Static payback time of field polymer flooding incremental production is 7.63 years, more than the 6-year standard. The profitability index is 0.49.
With an annualized net value, polymer flooding has a annual value of ¥300.9 million compared to ¥245.5 million for no polymer injection but natural development.
Analysis
Fig. 1 shows the breakeven analysis for polymer injection in 2004. The breakeven point of this project is 37.24% and the field's oil production resulting from polymer injection is 1.48 million tonnes.
This calculation for 2004 shows that as long as design capacity reaches 37.24%, that is to say, annual production reaches 0.55 million tonnes, the field's polymer injection total could lessen costs, indicating that there is little risk in this project.
Fig. 2 analyzes the sensitivity of the economics to changes in crude price, investment, and production rate. The figure indicates that crude price and production are the most sensitive factors.
In Fig. 2, if we assign an IRR of 12% then the production maximal rate of change is 30%, and cumulate oil production from the field's polymer injection is 22.6 million tonnes.

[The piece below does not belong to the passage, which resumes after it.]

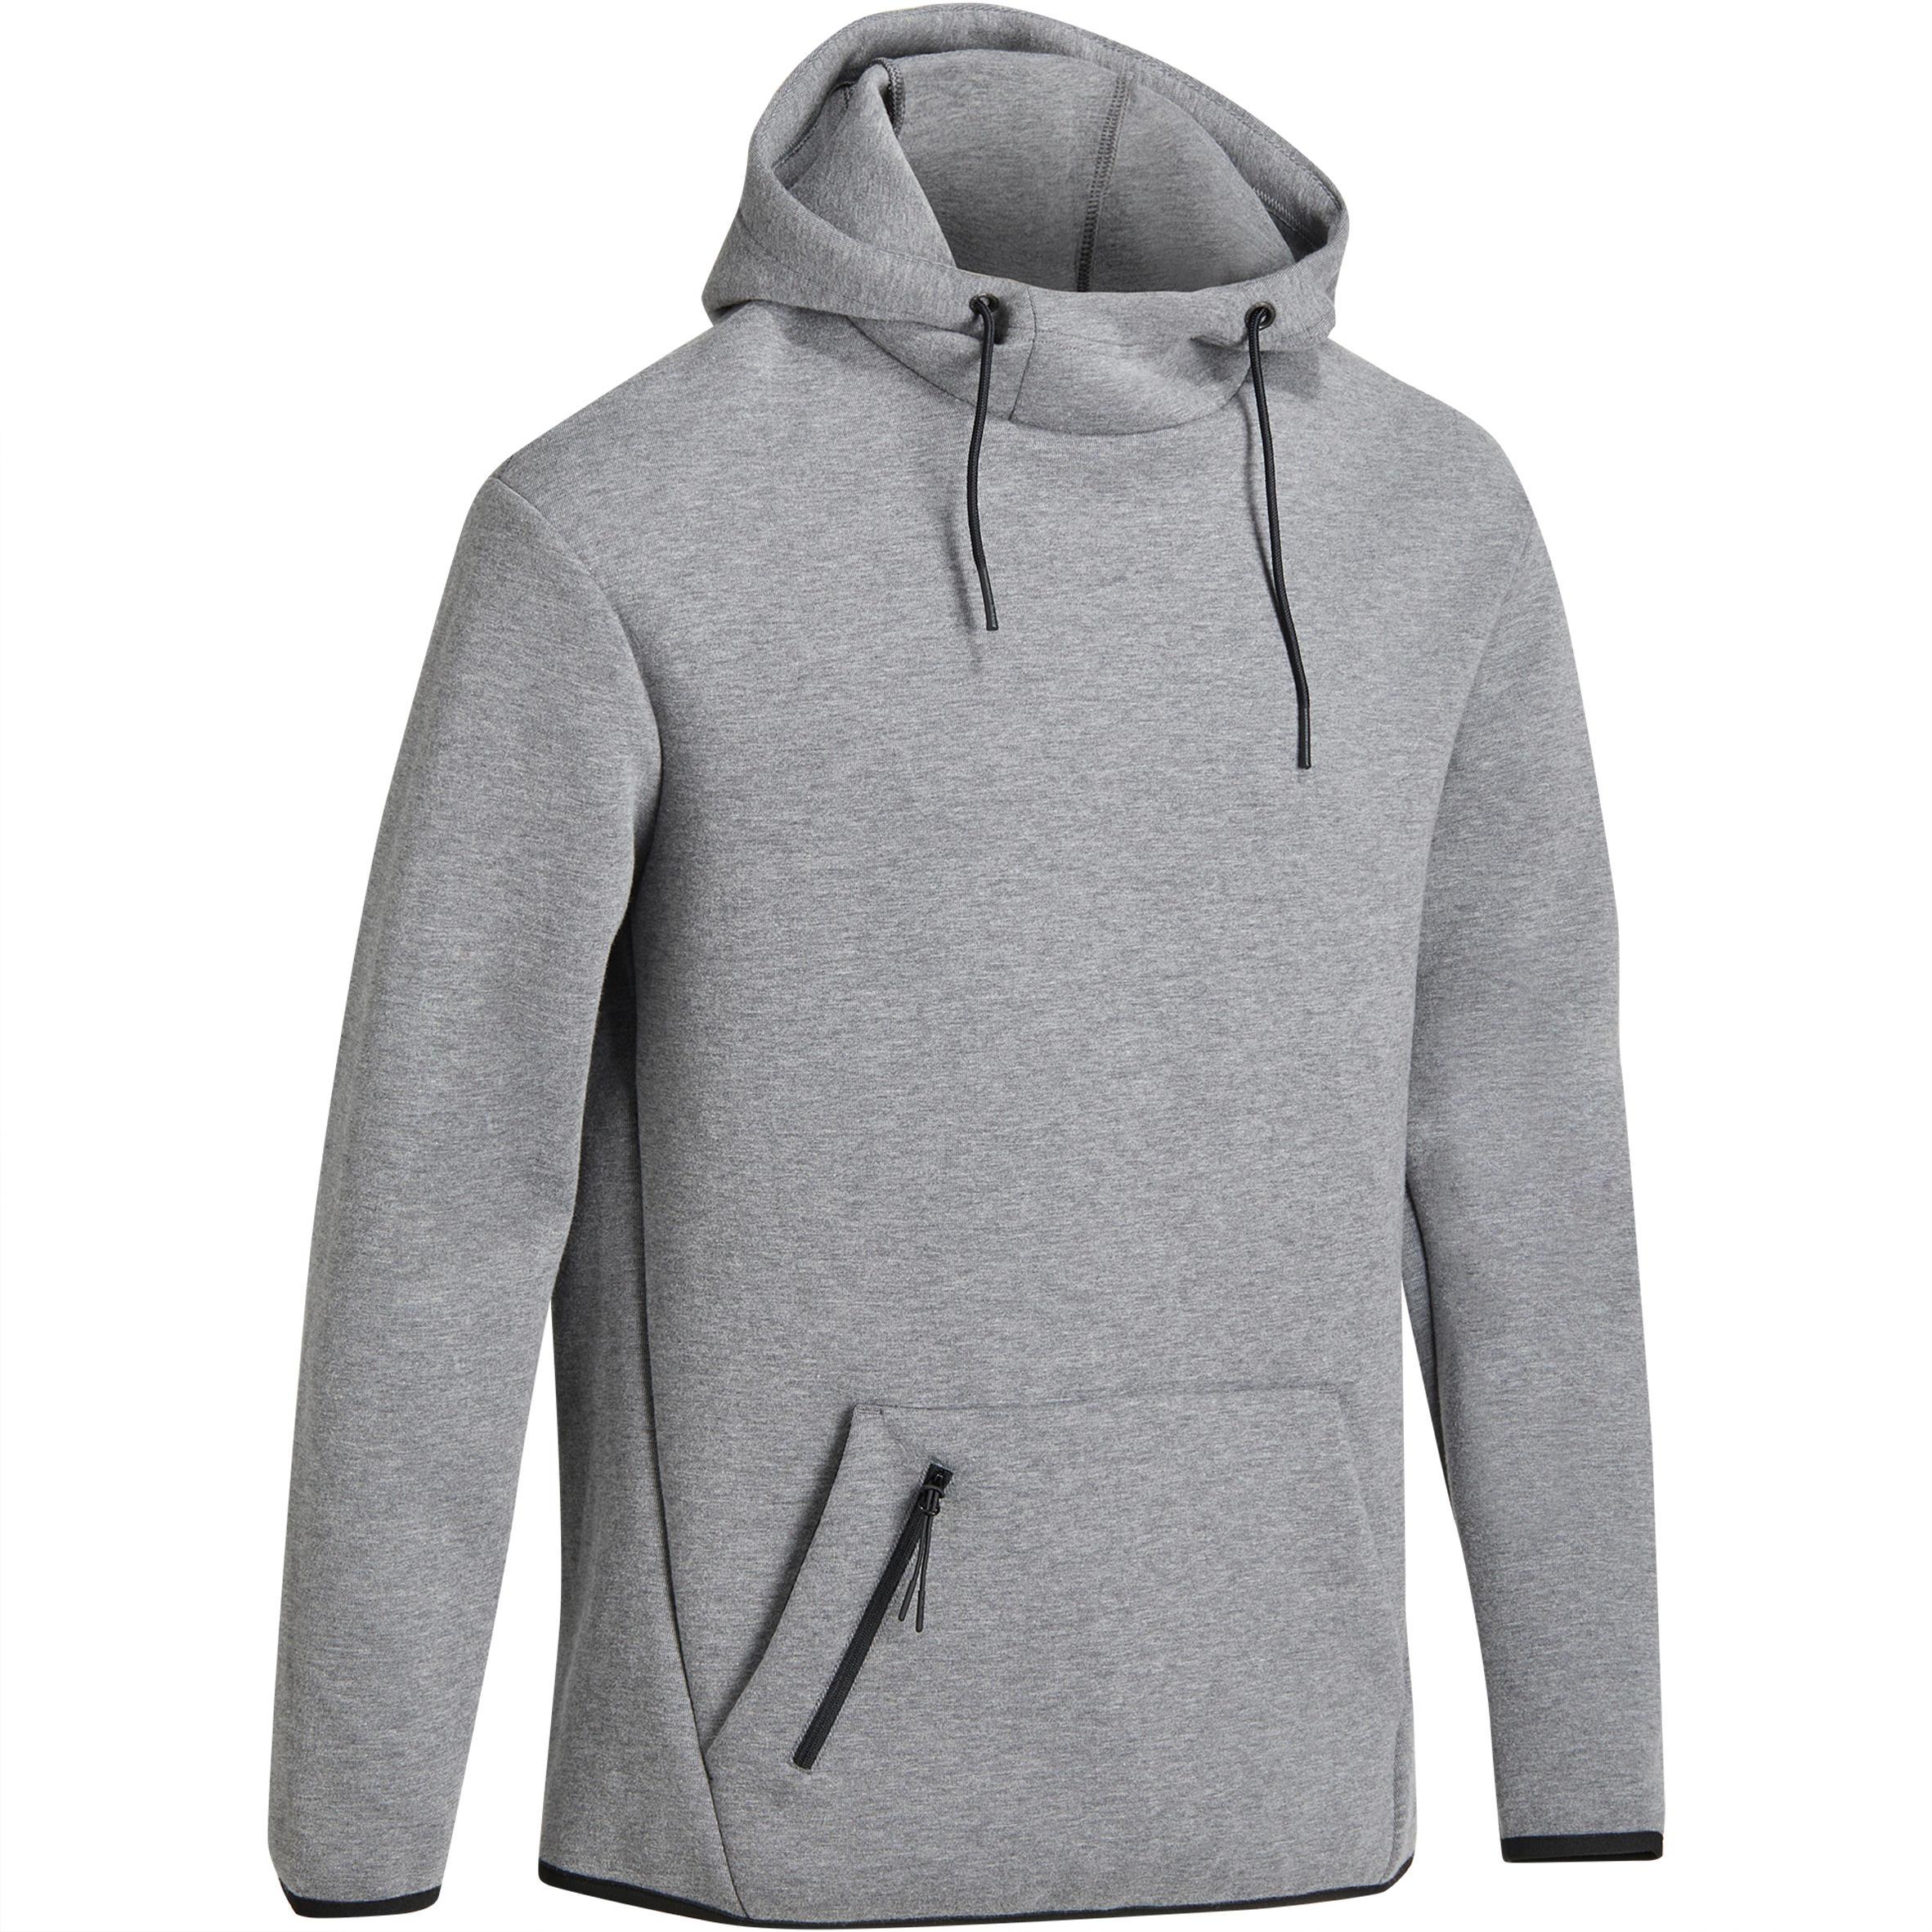 Domyos Heren hoodie in spacer-stof voor gym en pilates

Cumulative production from polymer injection was 14.65 million tonnes by the end of 2001. But by the end of 2002, cumulate production from polymer injection would be 17.35 million tonnes, more than the breakeven point The economics, therefore, shows that polymer injection is effective.
Acknowledgments
The authors thank Caoyan and Zouyuhui for their aid in preparing the figures.
Bibliography
Chinese Oil And Natural Gas Parent Company Plan Bureau, Petroleum Industry Construction Project Economics Evaluation Way And parameter, Second Edition, Petroleum Industry Press, 1994.
Caipengzhan, Oilfield Development Economics Evaluation, Petroleum Industry Press, 1997.
The authors
Zhou Zhijun is a lecturer at the Daqing Petroleum Institute. His research interests are reservoir simulation and oil and gas development engineering. Zhou Zhijun holds a BS in petroleum engineering, an MS and PhD in oil and gas development engineering, all from Daqing Petroleum Institute.
Huang Yongmei is an engineer at Daqing Petroleum Insitute. Her research interests are computer applications.